Порыв радостного волнения охватил толпу после этих слов Башира. Ничто не могло доставить слушателям большего удовольствия, чем возможность следить за превратностями судьбы и перипетиями рассказа.
— Клянусь своими глазами — это был он! — воскликнула Зельма-бедуинка, воздев руки к татуированному лбу.
И Мухаммед, уличный писец, с жаром объяснял своим соседям:
— Та страшная пожилая дама уступила его одному торговцу, который вскоре его перепродал.

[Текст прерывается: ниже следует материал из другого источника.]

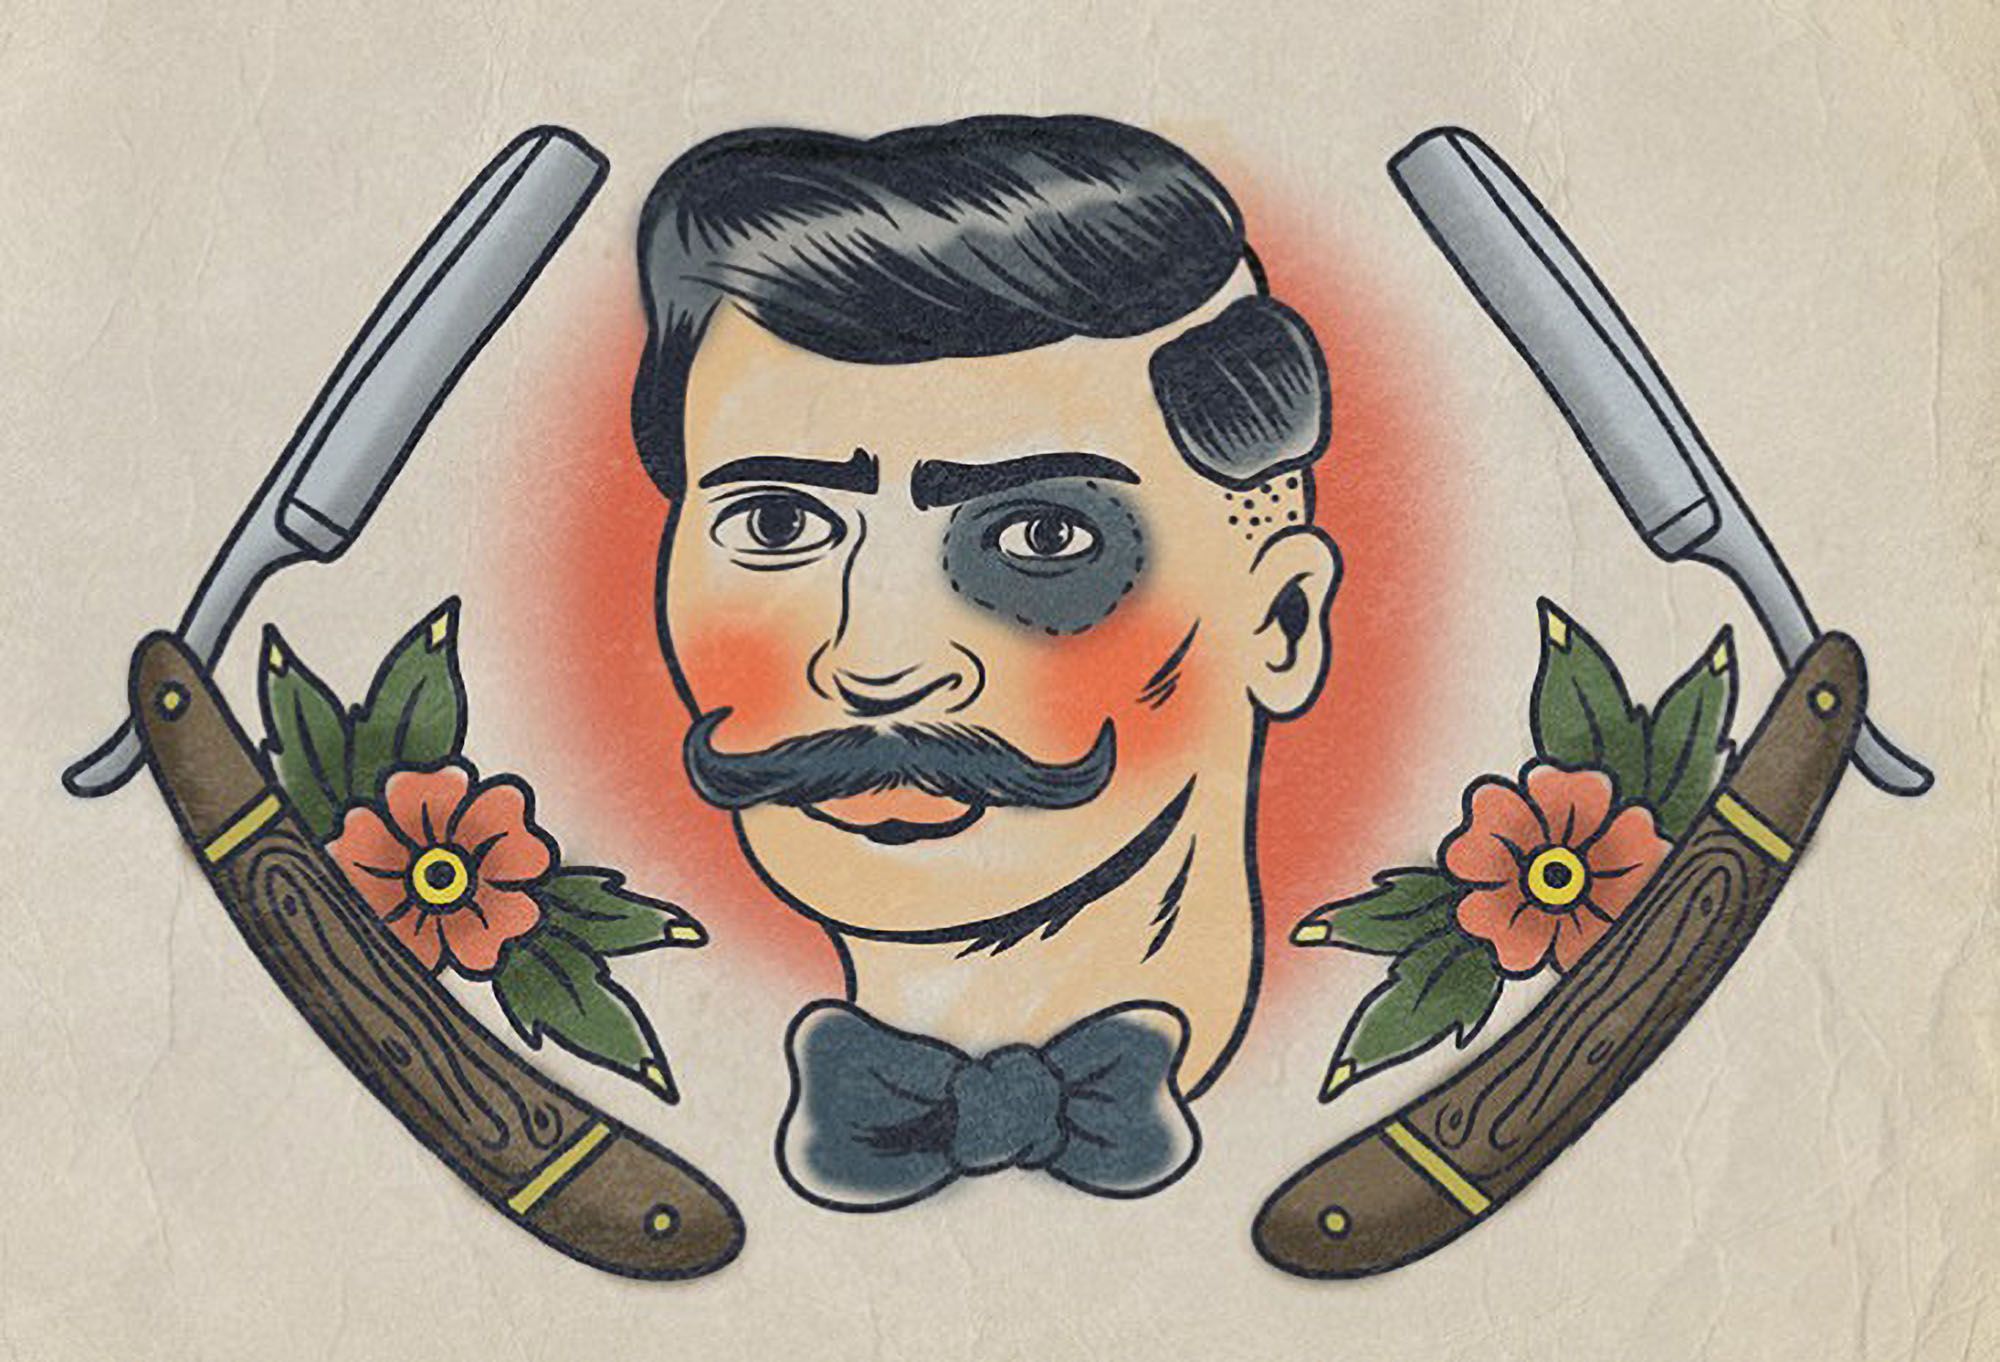 About — Boston Barber & Tattoo Co.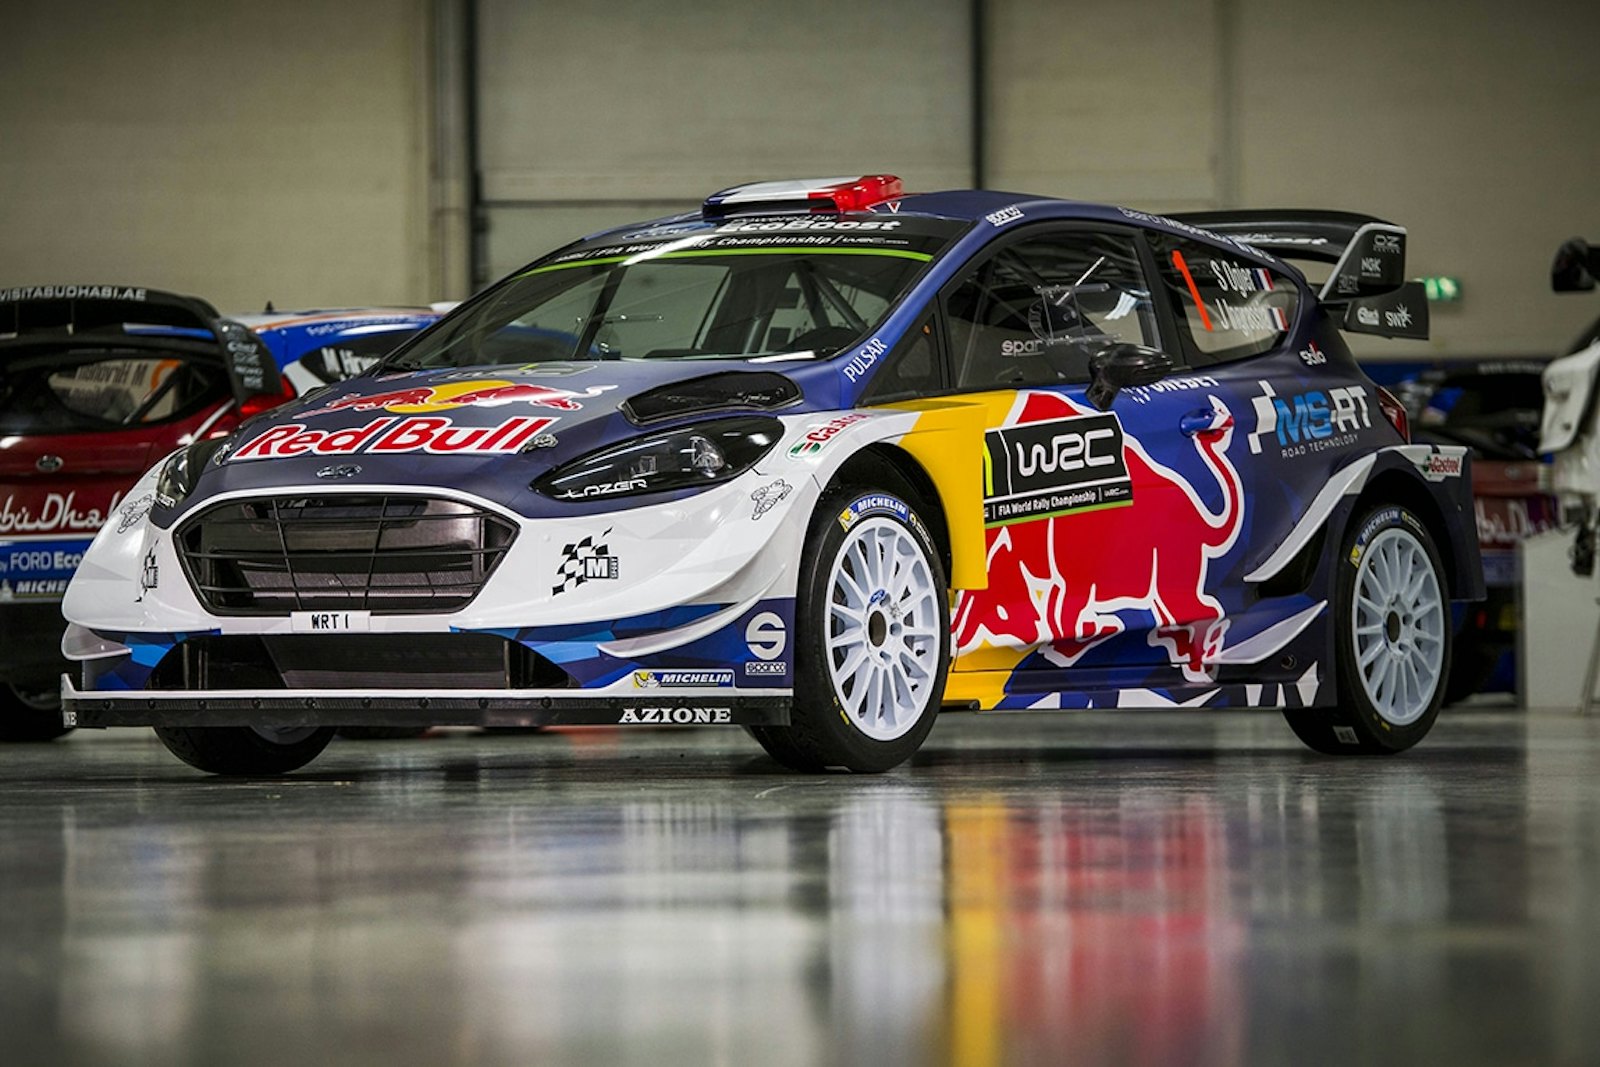 M-Sport reveal the new livery for their 2017 EcoBoost-powered Ford Fiesta which will be driven by four-time World Rally Champion Sebastien Ogier. // M-Sport/Red Bull Content Pool // P-20161223-00951 // Usage for editorial use only // Please go to www.redbullcontentpool.com for further information. //

Так ослик переходил из рук в руки, пока совсем не захирел.
А бездельник Абд ар-Рахман был крайне удивлен.
— Да как же ты, — говорил он Баширу, — ты, который поставил его на ноги, как же ты не знал, что за животное перед тобой?
— Это было предначертано свыше! Нет сомнений! — воскликнул Селим, торговец амулетами.
— Конечно! Конечно! Предначертано свыше! — согласилась толпа.
Тут мудрый старец Хусейн, продававший сурьму, тихо спросил у маленького горбуна:
— Но ведь тот ослик, что жил в поместье на Горе, не позволял тебе даже приблизиться к нему. Разве не так ты нам рассказывал?
И Башир с почтительностью к старцу ответил:
— Память твоя столь же крепка, сколь почтенен твой возраст, отец мой. Ослик именно так вел себя по отношению ко мне, поэтому, когда я обнаружил, что это он и есть, я невольно отшатнулся, опасаясь с его стороны какой-нибудь новой обидной выходки.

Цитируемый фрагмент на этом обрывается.